PID symptoms include:
- pain and inflammation in your pelvis
- nausea and / or vomiting
- irregular bleeding (outside your period)
- changes in your vaginal discharge
- fever and / or chills
- pain during urination and / or intercourse
An ectopic pregnancy is a serious condition that occurs when a fertilized egg implants itself somewhere other than the uterus, such as in a fallopian tube (this is why it is also called a tubal pregnancy), your cervix or an ovary.
The pregnancy is not viable, but if the egg continues to grow, it can rupture the fallopian tube, which can cause heavy internal bleeding.
Bleeding and pelvic pain (often on the one hand, similar to ovulation pain) are common early symptoms of an ectopic pregnancy, so seek medical help immediately if you experience these or more intense symptoms:
- severe pain in your abdomen or pelvis, especially on one side
- abnormal bleeding
- dizziness or fainting
- press into your rectum
Pelvic pain can also be a symptom of sexually transmitted diseases or bacterial infections. If your pain is accompanied by vaginal discharge or fever, consider getting tested. (Even if you are in a committed relationship, regular STD tests can provide peace of mind.)
Uterine fibroids are benign growths that develop in or on the walls of the uterus. They can cause both severe pain and abnormal (usually heavy) bleeding, although the pain is usually closer to the uterus than the ovaries.

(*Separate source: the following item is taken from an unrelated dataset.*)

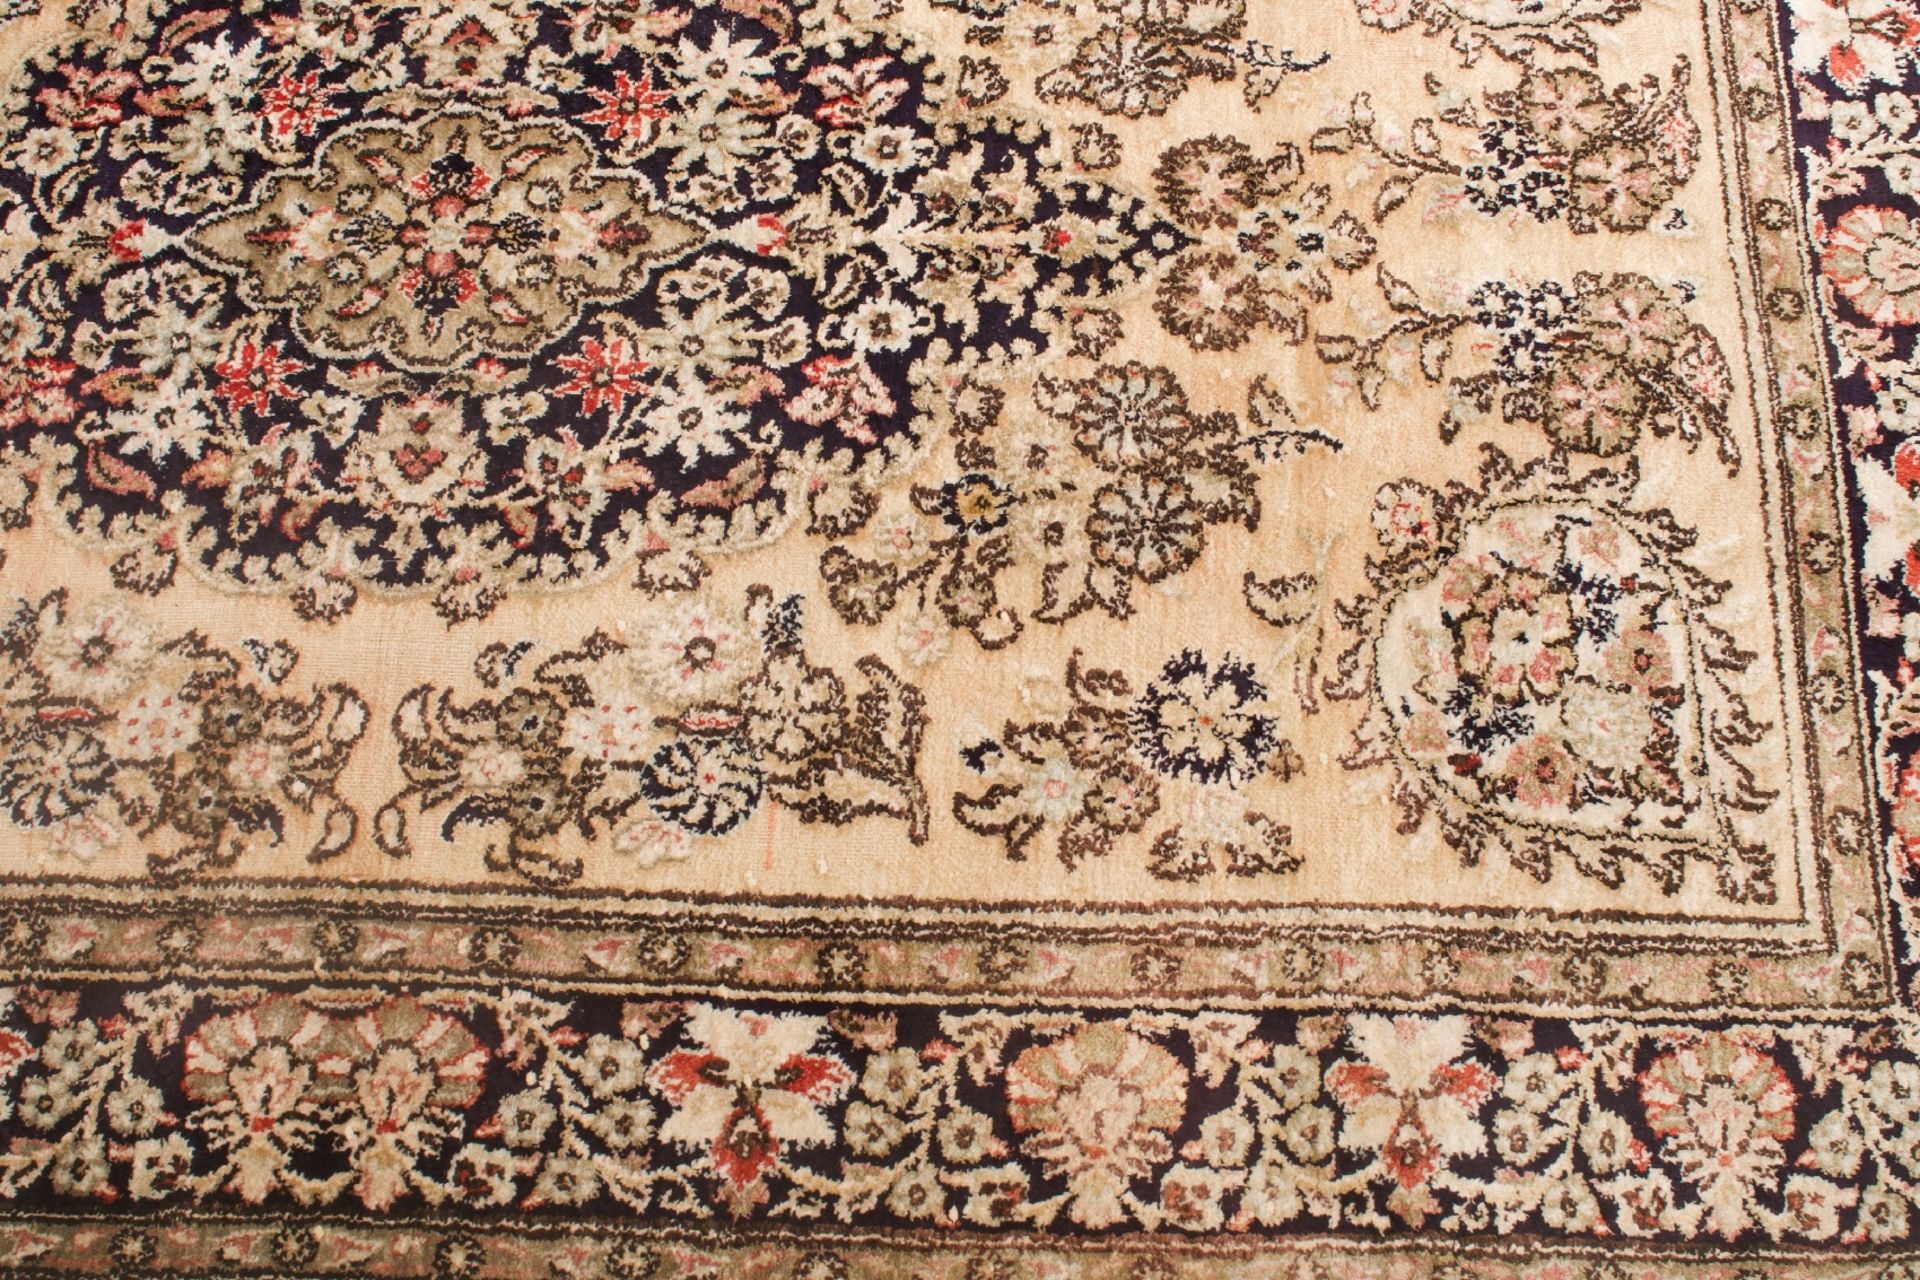 Ghom Seidenteppich Iran | Ghom silk carpet Iran - Image 6 of 6

Pain in your abdomen or pelvis can sometimes be difficult to diagnose. Irritable bowel syndrome can also cause bloating and pain, although it is usually associated with digestive problems such as diarrhea or constipation.

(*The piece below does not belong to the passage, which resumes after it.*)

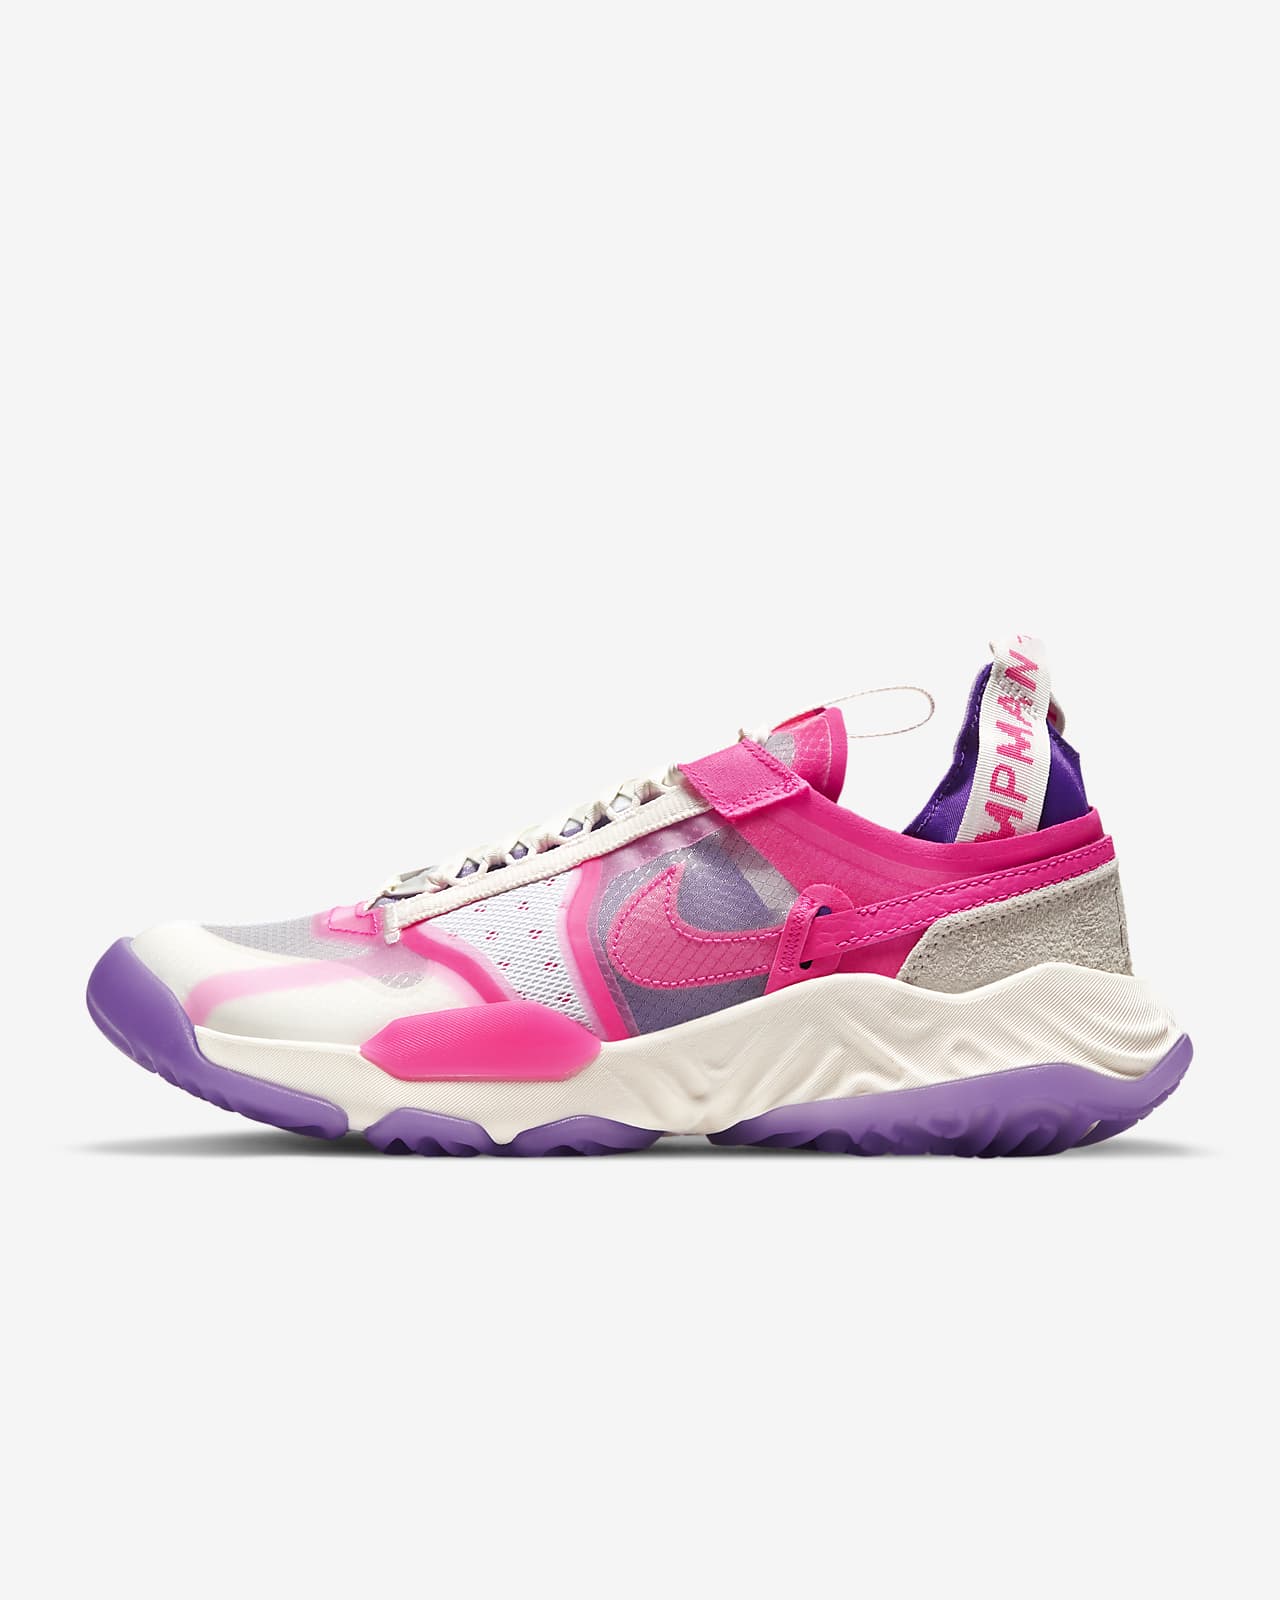 purple jordan womens shoes

Interstitial cystitis is a chronic condition characterized by bladder pain, which can be confused with pelvic pain (since your reproductive organs and bladder are close neighbors).
IC may also feel you need to pee everyone the time, and you may even sometimes struggle to hold on to it. Your bladder pain may get worse at certain times during your cycle.
You can treat your ovulation pain the same way you treat menstrual pain and cramps.
- Take over-the-counter (OTC) painkillers, such as naproxen (Aleve) or ibuprofen (Advil or Motrin).
- Use a heating pad or take a hot bath.
- Talk to your doctor about hormonal birth control options that can prevent ovulation (thus eliminating the associated pain).
On its own, ovulation pain is not a sign that something serious is going on in your body. And, no matter how annoying it is, ovulation pain does help you fix your fertile window.
Accept the glass-half-full POV and think of your ovulation pain as a way to stay connected to your fertility and menstrual cycle.
However, you should contact your healthcare provider if your ovulation pain:
- changes over time
- lasts more than 1 to 2 days
- comes with bleeding (more than spotting)
- interrupt your daily activities
You should also talk to your healthcare provider if you suspect anything more serious, in addition to ovulation pain.